Error message is new to me

Odysseus
Odysseus
Joined: 17 Dec 05
Posts: 372
Credit: 16,762,743
RAC: 6,675

I just got a couple of those,

I just got a couple of those, too, on my Mac G4/733: I’d never seen that message before.

[pre]Thu Jan 11 16:35:31 2007|Einstein@Home|Sending scheduler request to http://einstein.phys.uwm.edu/EinsteinAtHome_cgi/cgi
Thu Jan 11 16:35:31 2007|Einstein@Home|Reason: To fetch work
Thu Jan 11 16:35:31 2007|Einstein@Home|Requesting 53235 seconds of new work, and reporting 2 completed tasks
[…]
Thu Jan 11 16:35:46 2007|Einstein@Home|Scheduler request succeeded
Thu Jan 11 16:35:46 2007|Einstein@Home|Message from server: Completed result h1_0344.5_S5R1__8196_S5R1a_0 refused: successful result ALREADY reported for this work
Thu Jan 11 16:35:47 2007|Einstein@Home|Message from server: Completed result h1_0344.5_S5R1__8195_S5R1a_0 refused: successful result ALREADY reported for this work
[/pre]

Gary Roberts
Gary Roberts
Moderator
Joined: 9 Feb 05
Posts: 5,625
Credit: 89,661,115,084
RAC: 59,553,480

Lots of people are seeing

Lots of people are seeing these "result ALREADY reported" messages. I've probably seen this more than 30-40 times and I haven't really been looking for it :). My guess is that due to the ongoing server flakiness, there are many instances of a server disruption just after the server has received and tried to acknowledge the receipt of results being reported. The server has the report and thinks it has issued the acknowledgement but the client has not actually seen it. Thus the client will not delete the result and will try again later, at which point the server will issue the rather peeved response with the undue emphasis on "ALREADY" just to show how peeved it is that the poor client is not keeping up with the game :).

So my guess is that this is all quite harmless client/server banter that you normally wouldn't see, but for the server flakiness.

There is another message which occurs much less frequently which initially did cause me some concern.
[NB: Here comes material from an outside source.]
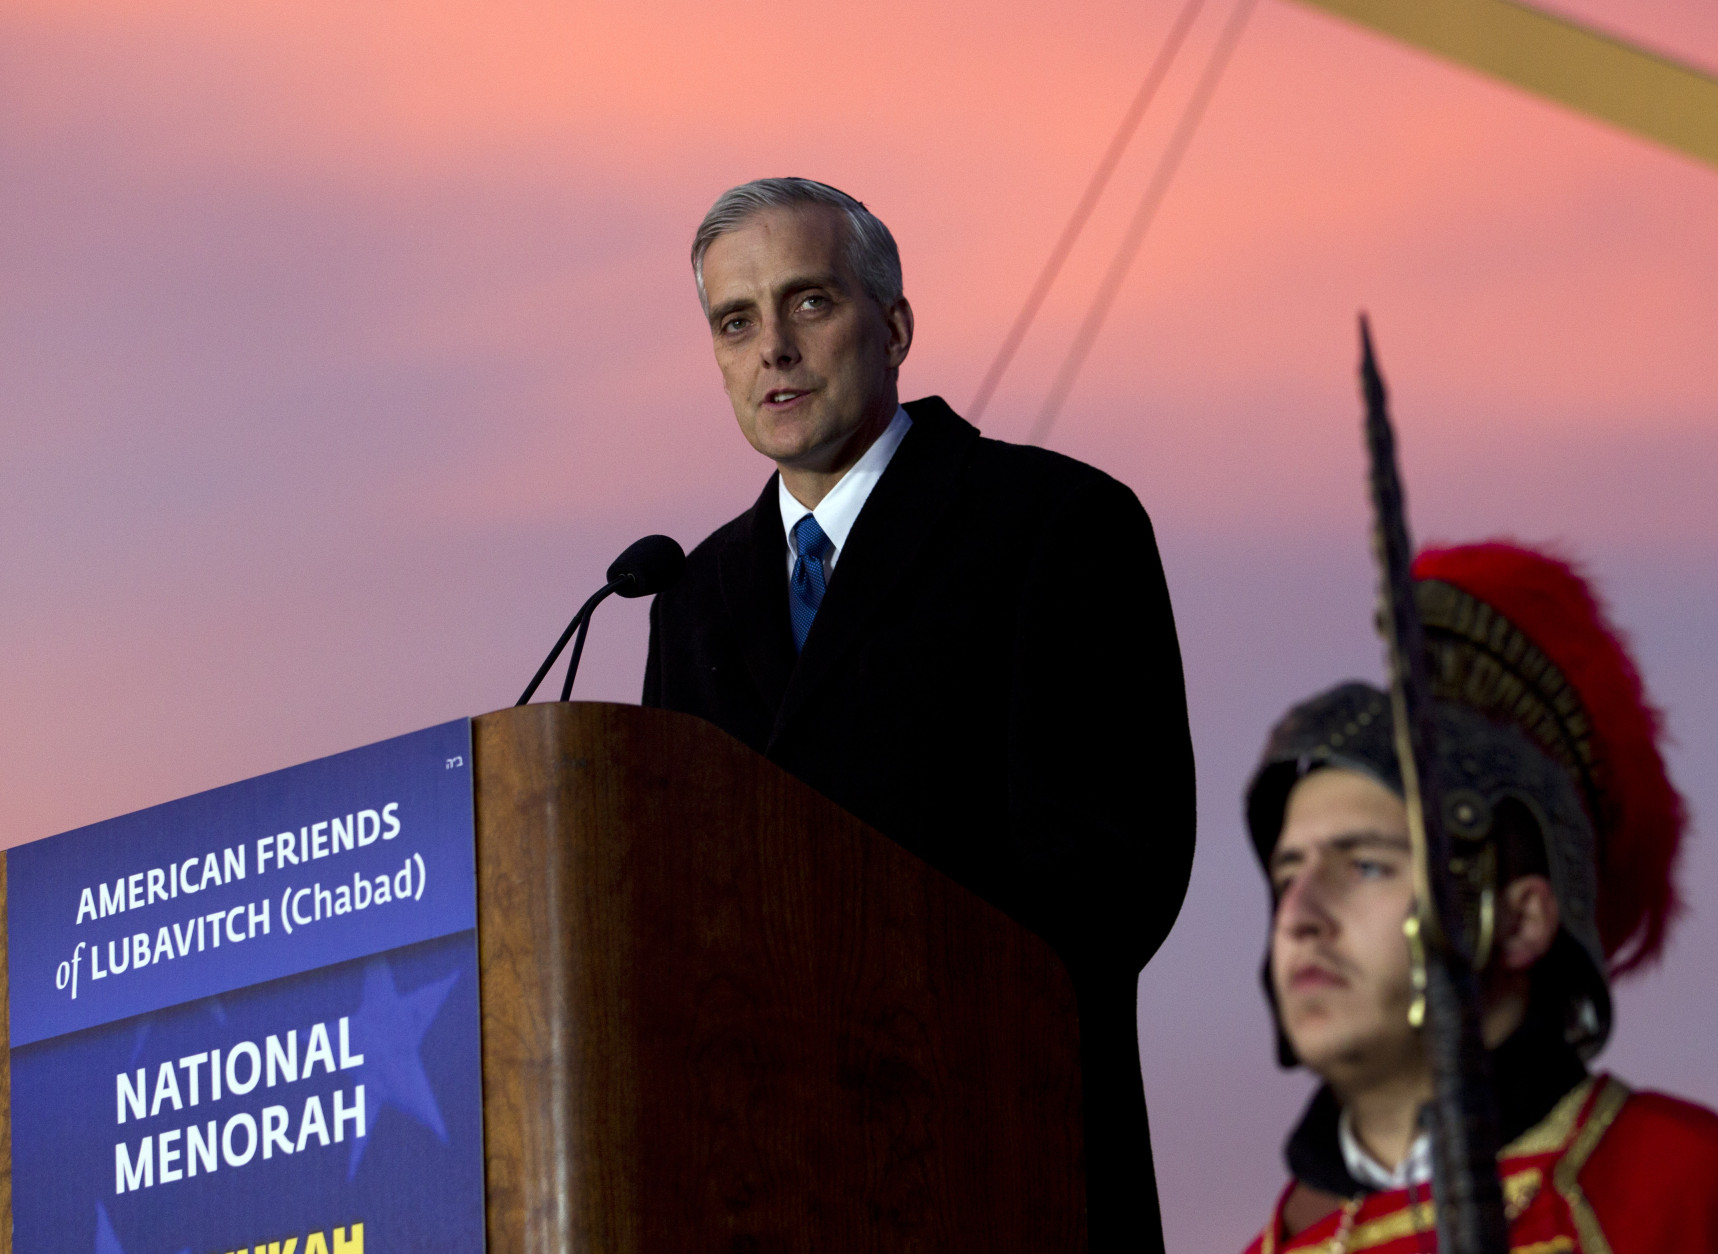 White House Chief of Staff Denis McDonough speaks during the annual National Menorah Lighting in celebration of Hanukkah, on the Ellipse near the White House in Washington, Sunday, Dec. 6, 2015. (AP Photo/Jose Luis Magana)

I've seen it about 3-4 times now. Here is the latest example which occurred just a couple of hours ago that I've just seen by chance.

Quote:

2007-01-12 10:26:00 [Einstein@Home] Sending scheduler request: Requested by user
2007-01-12 10:26:00 [Einstein@Home] Requesting 14635 seconds of new work, and reporting 6 completed tasks
2007-01-12 10:26:05 [Einstein@Home] Scheduler RPC succeeded [server version 505]
2007-01-12 10:26:05 [Einstein@Home] Message from server: Completed result h1_0391.0_S5R1__19212_S5R1a_1 refused: successful result ALREADY reported for this work
2007-01-12 10:26:05 [Einstein@Home] Message from server: Resent lost result h1_0344.5_S5R1__4604_S5R1a_1

2007-01-12 10:26:05 [Einstein@Home] Deferring communication 1 minutes and 0 seconds, because requested by project
2007-01-12 10:26:07 [Einstein@Home] [file_xfer] Started download of file h1_0344.5_S5R1
2007-01-12 10:26:07 [Einstein@Home] [file_xfer] Started download of file grid_0350_h_T03_S5R1.dat

2007-01-12 10:26:13 [Einstein@Home] [file_xfer] Finished download of file grid_0350_h_T03_S5R1.dat
2007-01-12 10:26:13 [Einstein@Home] [file_xfer] Throughput 31622 bytes/sec
2007-01-12 10:34:24 [Einstein@Home] [file_xfer] Finished download of file h1_0344.5_S5R1
2007-01-12 10:34:24 [Einstein@Home] [file_xfer] Throughput 32700 bytes/sec

Notice that the first red line is an example of the "ALREADY" message. The second red line is telling the client that a "lost result" is being resent. This in itself is not that unusual since the client/server protocol (on EAH anyway) does allow for any discrepancies between what the server considers it has sent to the client and what the client can actually see that it has received to be reconciled and resynchronised as necessary.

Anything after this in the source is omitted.